THE TASK
Below are lines of data; restate word for word those running from the line containing "Calculator Bazic/Scientific 240F (3020)" to the line containing "Oasis Tears Preservative-Free", inclusive, and no others.

Saved data entries

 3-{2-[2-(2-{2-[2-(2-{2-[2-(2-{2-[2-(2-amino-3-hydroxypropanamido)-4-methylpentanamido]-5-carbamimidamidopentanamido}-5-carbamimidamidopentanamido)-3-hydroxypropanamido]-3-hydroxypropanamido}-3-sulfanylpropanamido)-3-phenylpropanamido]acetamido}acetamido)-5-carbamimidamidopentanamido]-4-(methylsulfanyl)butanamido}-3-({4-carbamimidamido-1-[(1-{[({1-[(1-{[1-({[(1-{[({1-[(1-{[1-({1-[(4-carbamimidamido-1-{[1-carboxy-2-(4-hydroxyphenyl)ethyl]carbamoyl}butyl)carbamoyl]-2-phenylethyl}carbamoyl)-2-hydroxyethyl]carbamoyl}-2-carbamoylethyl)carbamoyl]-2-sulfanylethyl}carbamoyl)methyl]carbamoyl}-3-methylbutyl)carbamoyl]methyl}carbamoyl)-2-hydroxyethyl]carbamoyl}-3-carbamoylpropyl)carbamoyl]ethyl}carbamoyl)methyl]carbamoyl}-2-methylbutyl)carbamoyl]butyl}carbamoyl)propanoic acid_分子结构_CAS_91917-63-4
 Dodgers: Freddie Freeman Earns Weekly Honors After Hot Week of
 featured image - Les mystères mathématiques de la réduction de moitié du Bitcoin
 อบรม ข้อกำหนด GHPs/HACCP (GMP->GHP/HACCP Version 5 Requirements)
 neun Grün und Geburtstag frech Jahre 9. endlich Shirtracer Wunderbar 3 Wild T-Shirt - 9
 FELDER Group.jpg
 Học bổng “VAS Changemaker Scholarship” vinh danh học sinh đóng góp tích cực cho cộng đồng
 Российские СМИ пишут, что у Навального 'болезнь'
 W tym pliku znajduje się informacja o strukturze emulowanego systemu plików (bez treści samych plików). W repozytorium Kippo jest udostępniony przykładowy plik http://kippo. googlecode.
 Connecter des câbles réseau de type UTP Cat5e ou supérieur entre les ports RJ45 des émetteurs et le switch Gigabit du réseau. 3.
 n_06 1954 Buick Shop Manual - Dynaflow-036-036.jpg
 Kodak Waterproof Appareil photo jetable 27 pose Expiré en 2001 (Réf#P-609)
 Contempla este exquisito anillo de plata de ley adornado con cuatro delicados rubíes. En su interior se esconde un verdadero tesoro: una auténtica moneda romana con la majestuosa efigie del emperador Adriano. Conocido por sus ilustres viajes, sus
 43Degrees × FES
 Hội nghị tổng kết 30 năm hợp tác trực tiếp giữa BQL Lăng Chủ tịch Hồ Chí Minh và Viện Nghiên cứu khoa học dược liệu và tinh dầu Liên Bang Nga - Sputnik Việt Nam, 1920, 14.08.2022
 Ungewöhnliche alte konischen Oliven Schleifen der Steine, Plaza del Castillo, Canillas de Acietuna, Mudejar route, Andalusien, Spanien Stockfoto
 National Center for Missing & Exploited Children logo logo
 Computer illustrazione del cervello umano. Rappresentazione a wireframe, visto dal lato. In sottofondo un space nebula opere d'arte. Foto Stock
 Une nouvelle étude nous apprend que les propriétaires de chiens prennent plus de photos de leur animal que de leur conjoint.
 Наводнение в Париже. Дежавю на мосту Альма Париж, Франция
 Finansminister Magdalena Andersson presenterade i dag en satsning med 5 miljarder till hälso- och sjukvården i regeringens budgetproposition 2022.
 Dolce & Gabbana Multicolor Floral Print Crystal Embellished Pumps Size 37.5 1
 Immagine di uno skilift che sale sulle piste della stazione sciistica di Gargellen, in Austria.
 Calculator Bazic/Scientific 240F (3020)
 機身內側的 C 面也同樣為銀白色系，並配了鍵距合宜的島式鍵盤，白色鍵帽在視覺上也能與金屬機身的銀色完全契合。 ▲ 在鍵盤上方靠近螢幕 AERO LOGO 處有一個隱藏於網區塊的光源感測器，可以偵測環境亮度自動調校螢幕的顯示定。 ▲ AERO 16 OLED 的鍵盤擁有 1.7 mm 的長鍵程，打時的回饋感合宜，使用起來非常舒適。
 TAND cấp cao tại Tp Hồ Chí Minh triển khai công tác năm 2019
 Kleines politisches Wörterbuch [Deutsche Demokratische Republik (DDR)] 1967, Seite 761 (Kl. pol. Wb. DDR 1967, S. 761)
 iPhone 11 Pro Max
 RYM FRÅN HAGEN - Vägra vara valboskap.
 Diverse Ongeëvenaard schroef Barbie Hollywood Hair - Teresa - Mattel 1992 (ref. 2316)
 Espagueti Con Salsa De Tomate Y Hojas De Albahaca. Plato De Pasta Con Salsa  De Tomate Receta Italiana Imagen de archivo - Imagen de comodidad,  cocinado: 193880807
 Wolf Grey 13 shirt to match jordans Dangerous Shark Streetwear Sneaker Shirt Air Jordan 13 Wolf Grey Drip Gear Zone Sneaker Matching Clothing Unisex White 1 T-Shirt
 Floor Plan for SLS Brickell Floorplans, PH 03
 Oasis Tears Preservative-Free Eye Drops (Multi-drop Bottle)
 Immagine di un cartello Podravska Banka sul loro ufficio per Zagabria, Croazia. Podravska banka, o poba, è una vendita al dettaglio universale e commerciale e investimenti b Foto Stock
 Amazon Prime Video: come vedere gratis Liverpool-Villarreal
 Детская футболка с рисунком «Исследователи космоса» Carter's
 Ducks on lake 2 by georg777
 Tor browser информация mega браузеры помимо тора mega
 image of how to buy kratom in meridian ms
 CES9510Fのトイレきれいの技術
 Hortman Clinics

EXPECTED ANSWER
 Calculator Bazic/Scientific 240F (3020)
 機身內側的 C 面也同樣為銀白色系，並配了鍵距合宜的島式鍵盤，白色鍵帽在視覺上也能與金屬機身的銀色完全契合。 ▲ 在鍵盤上方靠近螢幕 AERO LOGO 處有一個隱藏於網區塊的光源感測器，可以偵測環境亮度自動調校螢幕的顯示定。 ▲ AERO 16 OLED 的鍵盤擁有 1.7 mm 的長鍵程，打時的回饋感合宜，使用起來非常舒適。
 TAND cấp cao tại Tp Hồ Chí Minh triển khai công tác năm 2019
 Kleines politisches Wörterbuch [Deutsche Demokratische Republik (DDR)] 1967, Seite 761 (Kl. pol. Wb. DDR 1967, S. 761)
 iPhone 11 Pro Max
 RYM FRÅN HAGEN - Vägra vara valboskap.
 Diverse Ongeëvenaard schroef Barbie Hollywood Hair - Teresa - Mattel 1992 (ref. 2316)
 Espagueti Con Salsa De Tomate Y Hojas De Albahaca. Plato De Pasta Con Salsa  De Tomate Receta Italiana Imagen de archivo - Imagen de comodidad,  cocinado: 193880807
 Wolf Grey 13 shirt to match jordans Dangerous Shark Streetwear Sneaker Shirt Air Jordan 13 Wolf Grey Drip Gear Zone Sneaker Matching Clothing Unisex White 1 T-Shirt
 Floor Plan for SLS Brickell Floorplans, PH 03
 Oasis Tears Preservative-Free Eye Drops (Multi-drop Bottle)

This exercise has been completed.